# Neat little gadget...



## Rob (Oct 31, 2006)

Here is something I have never seen before, never knew existed. It's called a spill plane and is used to make conical shavings for transferring a flame.
Leave it to Lee Valley to offer it. It's one of those tools I don't need but have to have and can't live without. I wish I had the money I've spent on tools like that. It's an addiction.

http://www.leevalley.com/wood/page.aspx?c=2&p=64338&cat=1,41182


----------



## cabinetman (Jul 5, 2007)

That is pretty cool. I guess you could take a long curly one from a block plane and twist it. But, I think a long match is easier (and cheaper).


----------



## Julian the woodnut (Nov 5, 2008)

For $49, I'll stick to rolled up newspaper. Neat tool though.


----------



## Rob (Oct 31, 2006)

> But, I think a long match is easier (and cheaper).

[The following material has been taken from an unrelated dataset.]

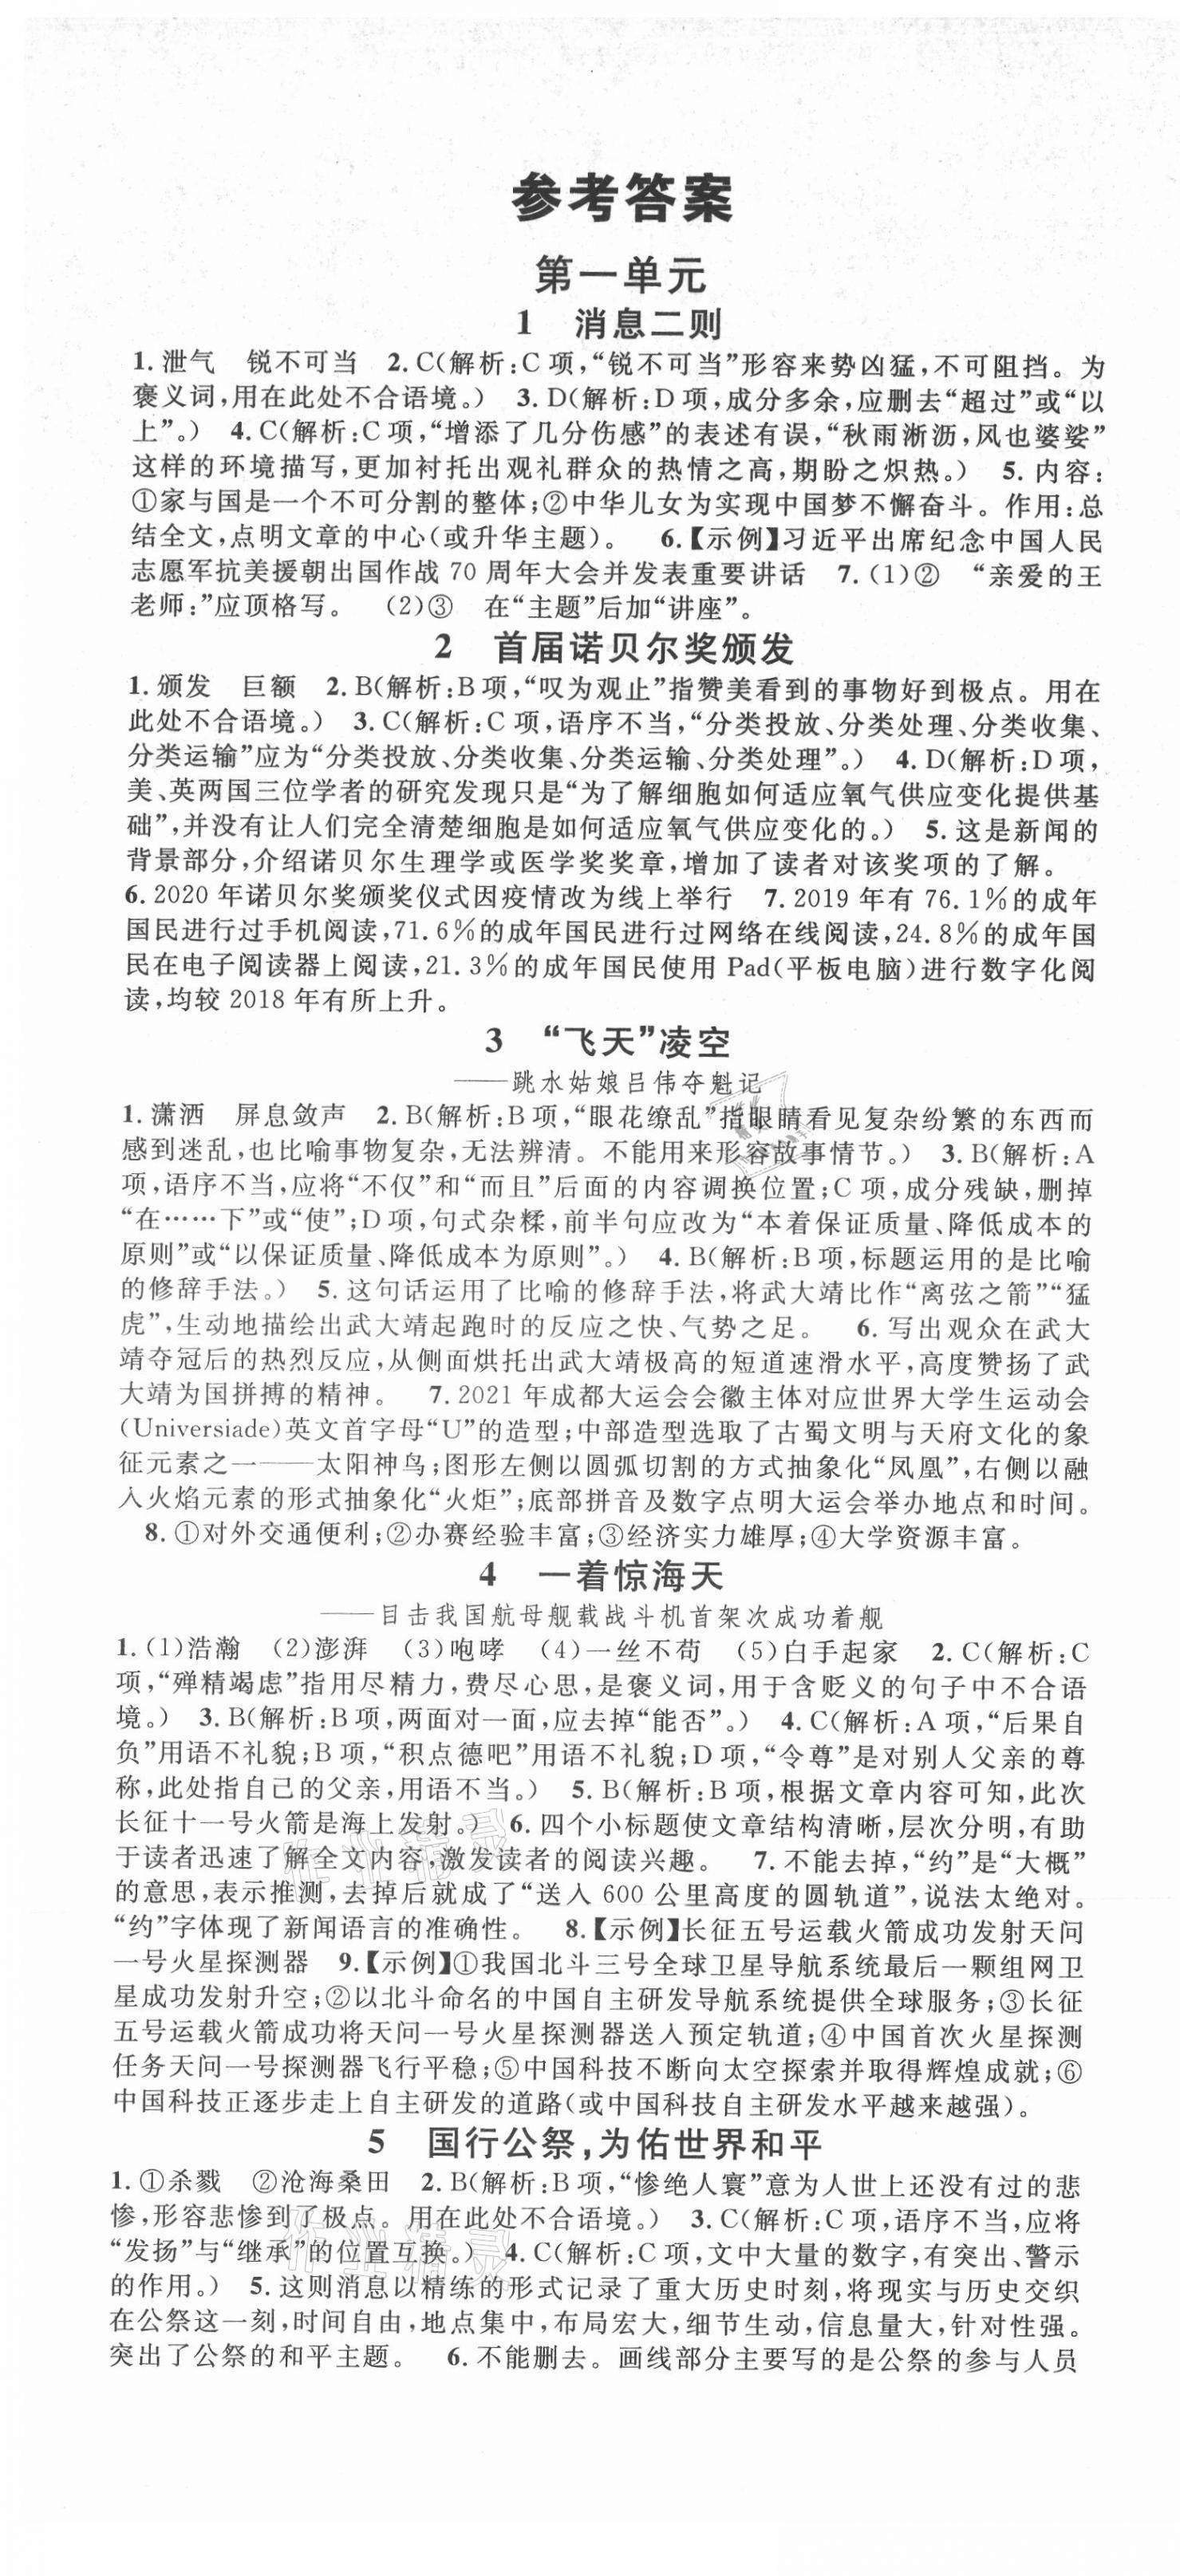 2021年名校课堂八年级语文上册人教版8贵阳专版第1页

You are no fun whatsoever.


----------



## johnep (Apr 12, 2007)

I remember my grandparents having a tall container full of spills and tapers next to the fire. Used to save on matches.
johnep


----------



## clarionflyer (Apr 27, 2008)

We have a local "Shaker Woods" festival here. A guy comes in every year who makes everything by hand. (He hand cut's perfect dovetails in minutes). 
Anyways, he made his own spill plane out of wood (designed from an antique if I remember correctly). He gives the spills to all the kids.
Fun stuff.


----------



## egeorge1 (Dec 18, 2009)

spanish cedar spills are a prefered method of lighting cigars by some aficionados. That's what I would do with this tool.


----------



## phinds (Mar 25, 2009)

slick trick


----------



## Daren (Oct 14, 2006)

I saw Roy Underhill making one of those on his show...I thought it was cool.


----------



## BlackWater (Nov 20, 2009)

That is a cool tool! For 50 bucks, I'll have to pass, but I bet I can modify an old block plane and do the same thing! Another thing to play with this winter............


----------



## MuseumWood (Mar 6, 2010)

We do the spills at Steppingstone all the time. People are fascinated by them. Once upon a time matches didn't exist. When they were invented they were too expensive for a long time. Spills are wonderful if you have to use flint and steel all the time! Now you know why you keep the home fire burning!!

Try putting a low angle block plane, set fine, in a face vise. Run straight grained wood along it , but skewed about 30 degrees, or so.


----------